Discorso di Sua Santità il Dalai Lama a Dharamsala ad un pubblico di tibetani dal Tibet il 27 marzo 2006 durante l’Insegnamento di primavera.

Sua Santità il Dalai Lama

Ho pensato di parlarvi sulla questione Dolgyal. A dire il vero, ho già parlato molto e molte volte su questo argomento, e, quindi, la maggior parte di voi lo conosce. Non si tratta solo di conoscere il problema, ma anche, di rendersi conto dell’impatto per quanto riguarda in Tibet, che include la regione di U-Tsang con Lhasa come principale, giacche’ nella maggior parte del Dotoe e Domey esisteva un accordo di attendere le mie successive dichiarazioni sul problema e molti monasteri hanno compiuto lodevoli sforzi assumendosi la responsabilità d’evitare errori su cosa accettare e cosa rifiutare in questa materia. Tra i tibetani pure, c’è stata una simile assunzione di responsabilità, sforzandosi d’evitare errori su cosa accettare e cosa rifiutare. Per questo esprimo le mie lodi di apprezzamento e di gratitudine. In ogni caso, la questione rappresenta una seria preoccupazione per la nostra fede buddhista in generale e specificatamente per il governo del Tibet o Ganden Phodrang. Pertanto, poiché ciò che è stato fatto è per beneficiare il Tibet in generale e perché la maggior parte delle persone interessate sono state in grado di fare una scelta corretta tra accettare e rifiutare questa materia, ho sentito il bisogno di ringraziare per questo tutti voi. Questa attività che riguarda il benessere della nostra fede non deve iniziare e terminare come le campagne cinesi, che iniziano improvvisamente, spinte da una preoccupazione urgente, per poi, dopo un po’, affivolirsi, e svanire. Dovremmo essere in grado di portare a buon fine il lavoro che abbiamo iniziato, anche su questo problema.

Perciò, inizialmente ho usato la mia intelligenza per riflettere sugli aspetti che erano esternamente manifesti. Per quanto riguarda gli aspetti segreti, e quindi non fisicamente manifesti, ho effettuato esami, invocando la gentilezza e l’azione dei Tre preziosi Gioielli, la versione definitiva di ogni conoscenza autentica. La questione di Dolgyal Shugden è troppo segreta. Prima infine di prendere una decisione sulla sua accettabilità ho quindi effettuato un esame approfondito su di essa, sia nei suoi aspetti esterni che interni. Non è stato, pertanto, affatto per caso che ho preso la decisione di rifiutare una materia su cui ho potuto raggiungere una conclusione sulla base del mio giudizio personale. Sono rallegrato dal fatto che, sia i laici che i religiosi ordinati, hanno mostrato interesse in tutto ciò ed hanno fatto una scelta corretta di cosa accettare e di cosa rifiutare.

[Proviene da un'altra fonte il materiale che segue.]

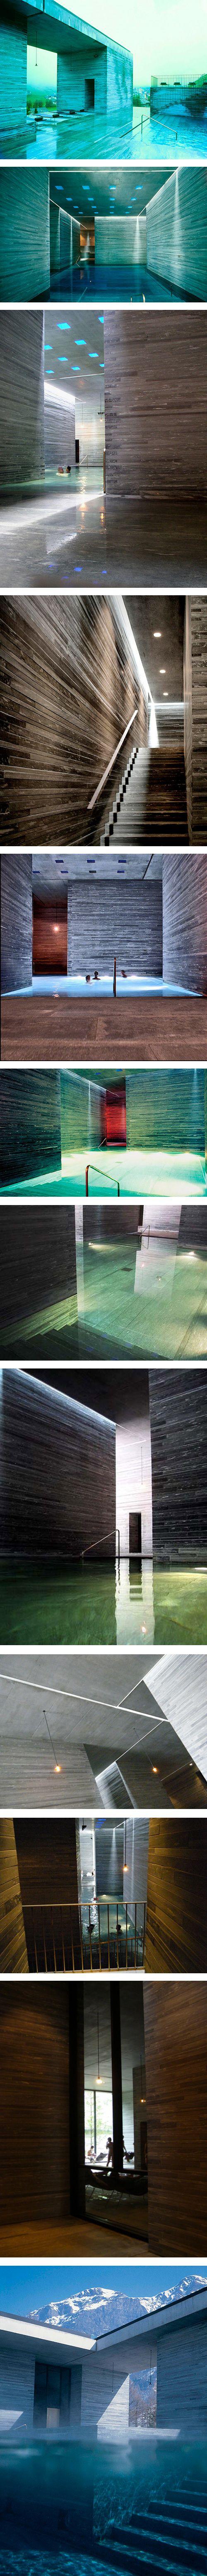 Hot Springs in Vals (Switzerland) by Pritzker Award Winner 2009 Peter Zumthor.

Vi sono, tuttavia, alcune persone che fingono di non aver sentito quello che hanno sentito, soprattutto, ci sono ancora alcuni casi in cui sento che alcuni deliberatamente praticano e diffondono Dolgyal. Per quanto li riguarda, tutti gli interessati dovrebbero pensare con grande cautela. Per citare nomi specifici in Tibet, ci sono alcuni monasteri locali in Chamdo, con l’abate del monastero di Chamdo. Sento che là ci sono persone che stanno ancora intensificando i loro sforzi per diffondere la pratica nefasta di Dolgyal Shugden: nella regione di Dragyab, nel Monastero di Dragyab e nella regione di Markham. Inoltre, sento che ci sono persone che deliberatamente coltivano e diffondono la pratica. Denma Gonsar scomparve l’anno scorso. Nella regione in cui ha vissuto, ci sono persone che continuano a diffondere la pratica di Dolgyal. Nella regione di Rawatoe nel Nyethang, tra i monaci e le monache provenienti da Lhasa a Markham, Dragyab, ecc, ci sono persone che diffondono la pratica. Ci sono monaci della regione di Markham che hanno seguito la loro tradizione di aderire al tempio do Ramoche a Lhasa, dove si sta tuttora propagando la pratica di Dolgyal.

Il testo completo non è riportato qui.